Ma’an News Agency | – –
RAMALLAH (Ma’an) — Israeli authorities have been conducting a land survey in the southern occupied West Bank near Bethlehem in order to declare state lands to build a new settlement, a move which Palestinian Prime Minister Rami Hamdallah called “another step towards cutting the West Bank in two” on Monday.
In a statement released on Monday, Israeli NGO Peace Now said the Israeli government had notified the Israeli Supreme Court on Aug. 10 that it had begun a land survey in the area of the Palestinian village of Nahla in the West Bank district of Bethlehem, with the aim of declaring “state lands” in the area.
“A declaration as such, combined with the allocation of a small portion of the state lands in the area for the purpose of a road, will enable to connect the planned settlement of Givat Eitam to the settlement of Efrat,” Peace Now said, adding that the move would facilitate the establishment of the illegal settlement of Givat Eitam.
Israeli authorities have discussed plans for the creation of the Givat Eitam settlement for years, to be located past the Israeli separation wall inside the West Bank, and meant to host some 2,500 housing units, according to blueprints from the Israeli Ministry of Construction and Housing.
“The installation of this infrastructure will be possible if and when the land survey now underway is completed in the area between Efrat and Givat Eitam in a manner that creates contiguity of state lands,” the state document to the Supreme Court read, as quoted by Israeli newspaper Haaretz.
The announcement by the Israeli government came after Peace Now petitioned to the Israeli Supreme Court, demanding more transparency from the state of Israel regarding the plans, so the group could appeal the decision ahead of time.
The Israeli government responded to the petition saying it would make its intentions public a month prior to signing a land allocation contract, Peace Now reported.
Hamdallah slammed the move as further separating the city of Bethlehem — which is already surrounded by settlements and Israeli-only roads on three sides — from the rest of the southern West Bank and preventing any future Palestinian expansion in the area.

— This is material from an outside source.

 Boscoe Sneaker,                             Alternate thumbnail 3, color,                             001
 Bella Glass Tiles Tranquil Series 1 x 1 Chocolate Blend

“Israel’s move to build a new illegal settlement and bypass road next to Bethlehem is another step into cutting the West Bank in two, and annexing Area C,” said Hamdallah, referring to the more than 60 percent of the occupied West Bank under full Israeli control. “Israeli authorities are doing their best to destroy the historic character of Bethlehem.”
Local residents near Nahla have reported Israeli forces leveling lands in the area over the past several days near the settlement bloc of Gush Etzion.
Jamal Dajani, director of strategic communications at the Prime Minister’s office, said that “the international community has an obligation to stop Israel’s illegal and ongoing land theft, before there is nothing left of Palestine.”
Meanwhile, Haaretz quoted the Efrat settlement regional council as saying that it was “happy that the state is seeking to redress an injustice of years,” adding that efforts by groups such as Peace Now to counter settlement expansion were “trying to sabotage the building of the Land of Israel.”
In July 2015, Peace Now revealed that Israel’s Civil Administration was planning to allocate land for 800 settlement housing units in the area, despite orders by Israeli Prime Minister Benjamin Netanyahu in 2013 to cancel planning tenders for the planned settlement of Givat Eitam.
The declaration of state land in the area, combined with 300 dunams of land already owned by the Jewish National Fund (JNF) — an organization that works to “reclaim” and repurpose land for use by Jewish citizens, often at the expense of Palestinian right to land and control of resources — would pave the way for the establishment of the new settlement in a zone Peace Now called E2, in reference to the E1 settlement corridor in the area of occupied East Jerusalem.
“A new settlement in E2 will pose a serious blow for the possibility to reach a two-state solution and establish a viable Palestinian state alongside Israel,” Peace Now deplored on Monday. “The government’s efforts to appropriate lands and connect Givat Eitam with the settlement of Efrat are another step on the way to a one-state reality.”
While members of the international community rested the solution to the Israeli-Palestinian conflict on the discontinuation of illegal Israeli settlements and the establishment of a two-state solution, Israeli leaders have instead shifted farther to the right as many Knesset members have called for an escalation of settlement building in the occupied West Bank, and with some having advocated for its complete annexation.
A number of Palestinian activists have criticized the two-state solution as unsustainable and unlikely to bring durable peace, proposing instead a binational state with equal rights for Israelis and Palestinians.
The Palestinian Prime Minister’s office said in a statement on Monday that Israeli settlements — which are illegal under international law — control some 42 percent of West Bank land, whether through housing, agricultural and industrial facilities, roads, and other infrastructure.